Allerdings: Ein bisschen Wasser in den Wein muss ich schon gießen, obwohl ich nicht die Probleme mit dem Empfang habe, von dem die Hauptstadtpresse schon nach einem Tag in fetten Schlagzeilen zu berichten weiß: überhaupt kein Empfang in Köpenick, Störungen durch Handies und unabgeschirmte andere elektrische Geräte. Bei mir macht sich gerade bei der ARD ab und zu ein Signalausfall bemerkbar. Die große Schwäche der digitalen Ausstrahlung – entweder 100 Prozent Bild oder gar keines, auf keinen Fall aber ein schlechter Empfang irgendwo dazwischen – die machte sich gleich bei der „Tagesschau“ und der Wetterkarte bemerkbar. Und auch beim James Bond am Samstag auf SFB 3 waren die Prügelszenen mit sGoldfinger zu schnell fürs Digitale.
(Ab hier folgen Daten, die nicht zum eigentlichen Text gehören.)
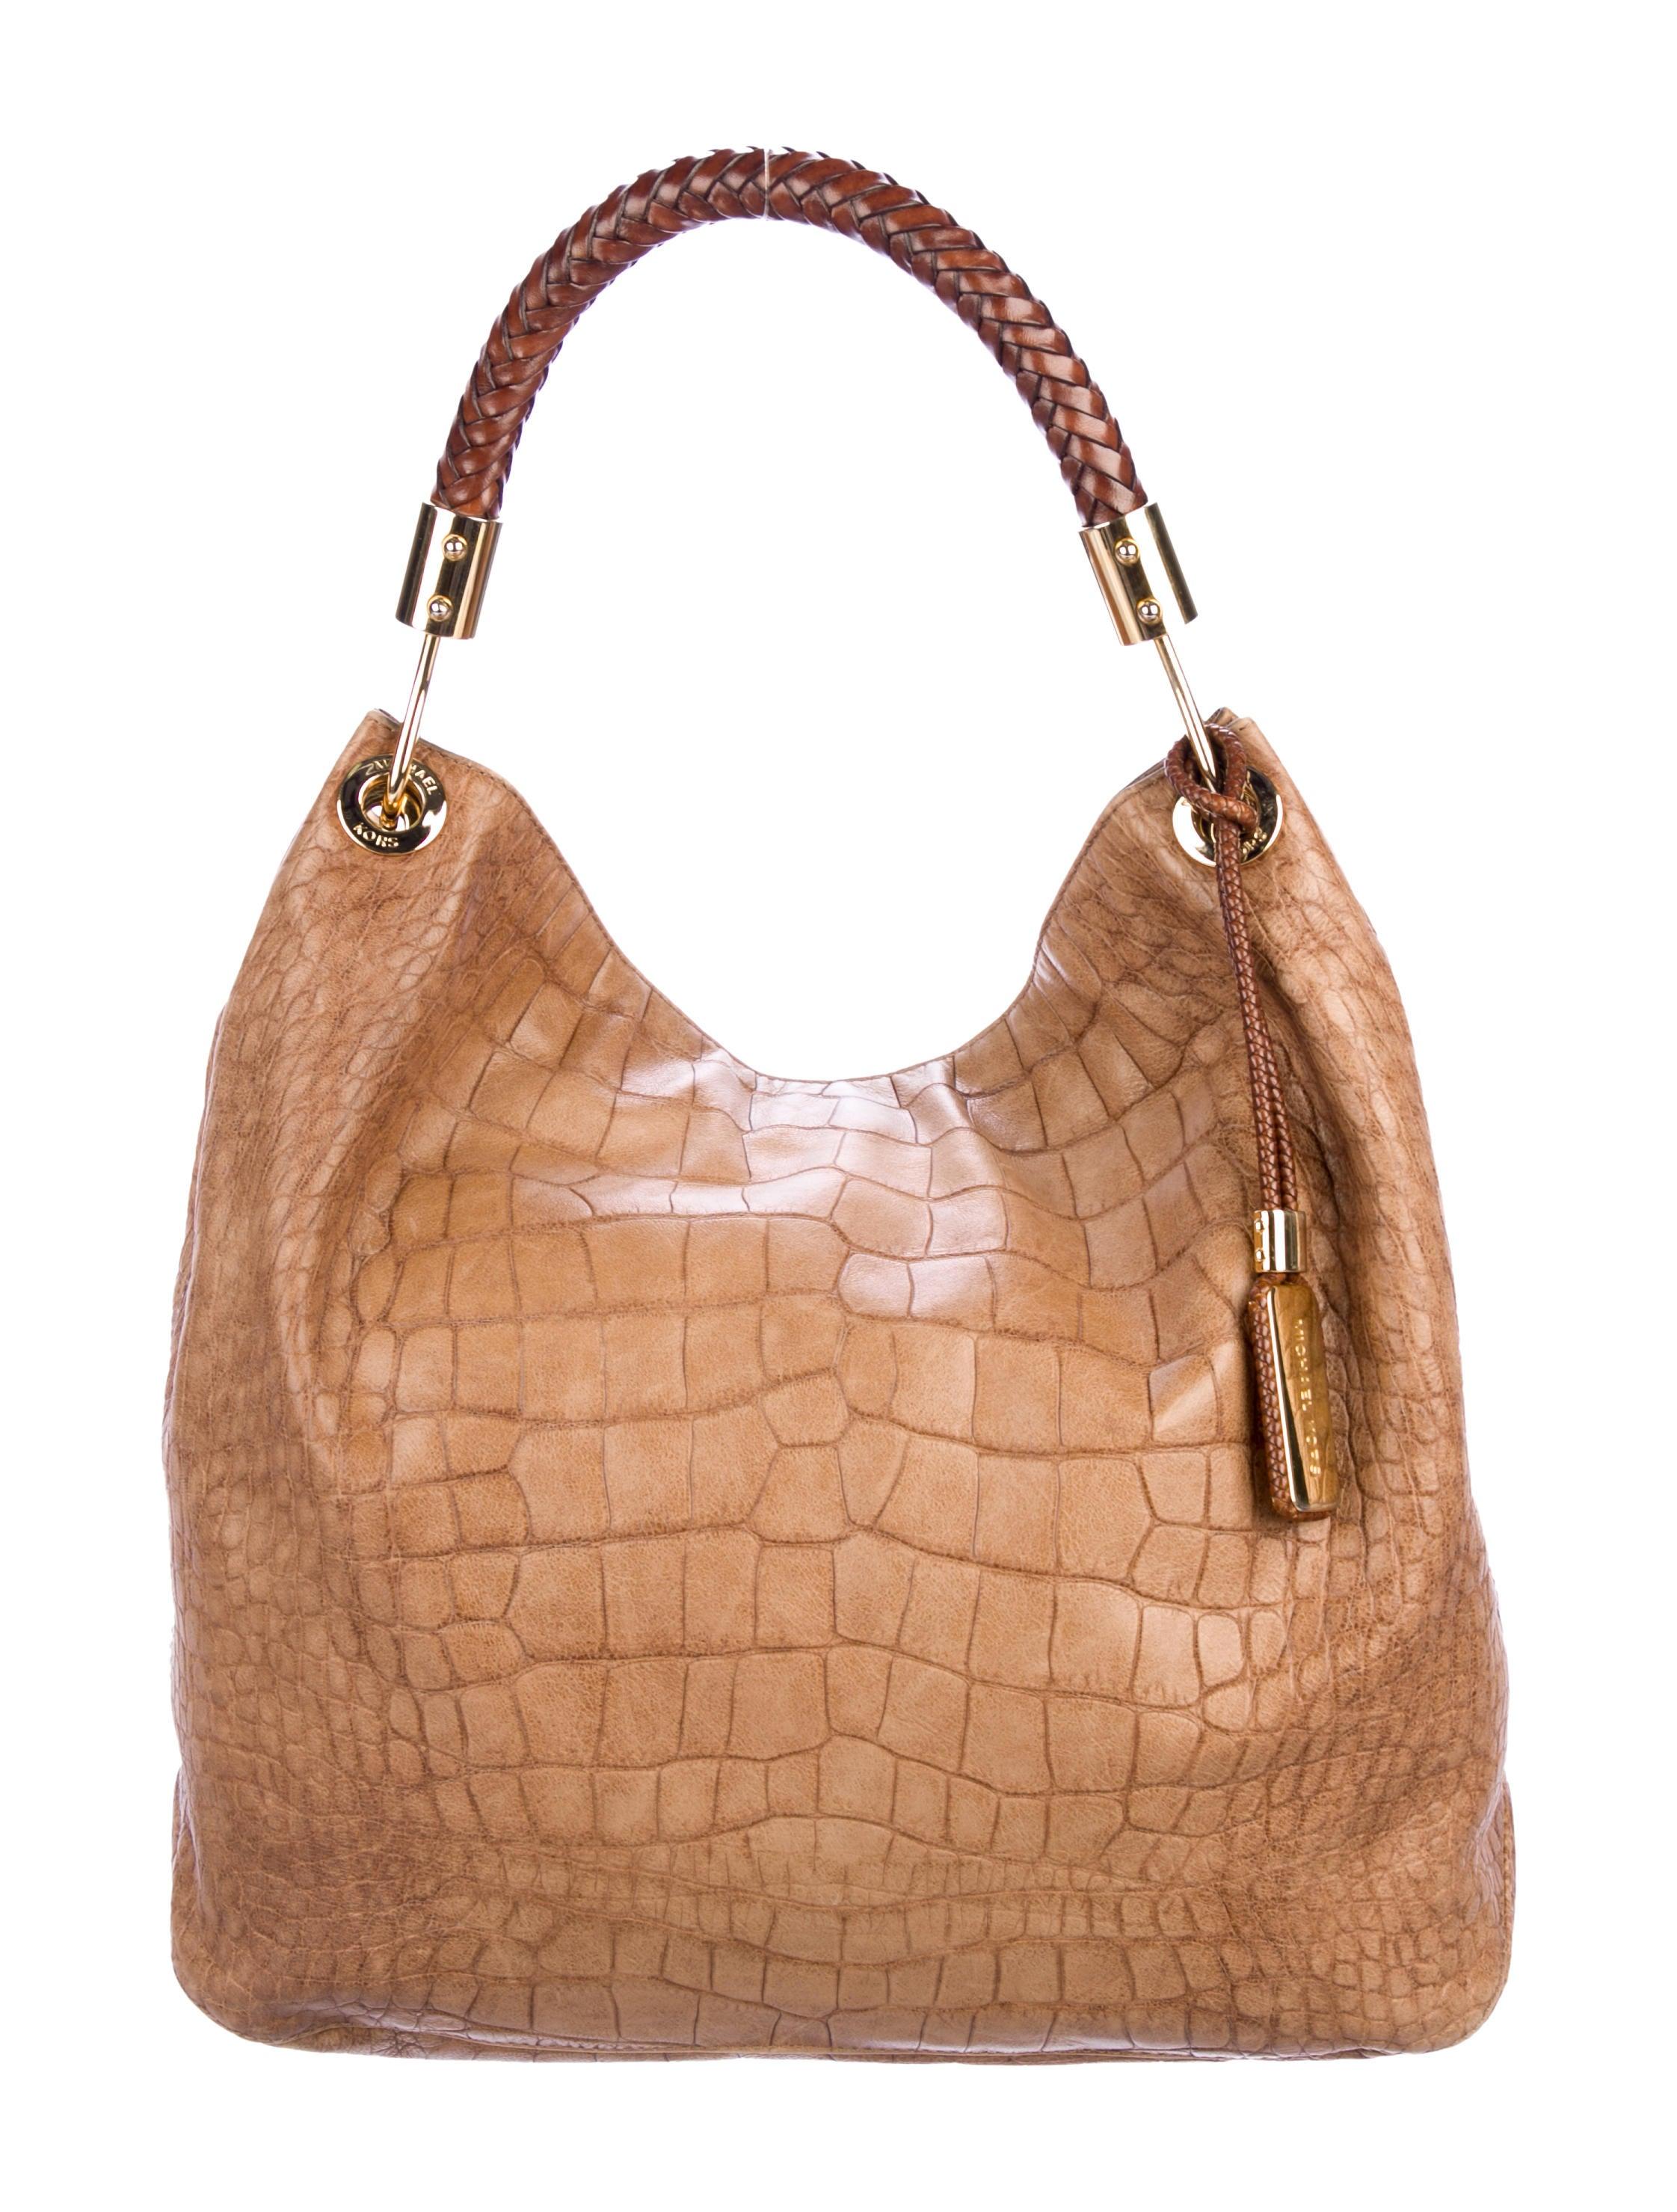 f8ed3f849b3a Michael Kors Embossed Skorpios Hobo - Handbags - MIC77114 | The RealReal

Grobe Klötzchengrafik statt schnell ausholender und verwischender Oberarme. Das hatte ich bislang in der Testphase noch nicht, aber damit werde ich jetzt wohl leben müssen.

Und auch der versprochene Mehrwert des „Überallfernsehens“, der kommt nicht an: mit einer simplen Zimmerantenne reduziert sich bei mir die Zahl der Programme erheblich. Also gut: wieder das Kabel von der Dachantenne rein in die Buchse. Dabei – so die Entwickler des digitalen Fernsehens – soll es eigentlich schon ausreichen, eine größere Büroklammer in die Antennensteckdose zu stecken, um die Programmvielfalt frei Haus geliefert zu bekommen. Wie mag das erst einmal auf dem flachen Land aussehen?

Am meisten aber nervt mich der Wegfall des VPS-Signals. Jetzt heißt es wieder vor dem Fernseher sitzen, bis der verspätete Spielfilm anfängt und dann das vorausberechnete Ende programmieren. Oder – mein Glück – wieder auf die analoge Schüssel zurückgreifen.

Die Preise für die Set-Top-Boxen sind übrigens noch nicht so sehr gefallen, wie es die Verantwortlichen von der Berlin-Brandenburger Medienanstalt (MABB) noch im November gehofft hatten. Hinter den Kulissen wird gemunkelt, dass Hans Hege, der Präsident der MABB, den Zuschauern keinen Gefallen damit getan hat, frühzeitig die Hersteller auf die 199-Euro-Schallgrenze für die simpelsten Decoder einzuschwören. Längst seien die Geräte weit unter diesem Preis herzustellen – Industrie und Handel freuen sich endlich einmal wieder über großzügige Handelsspannen.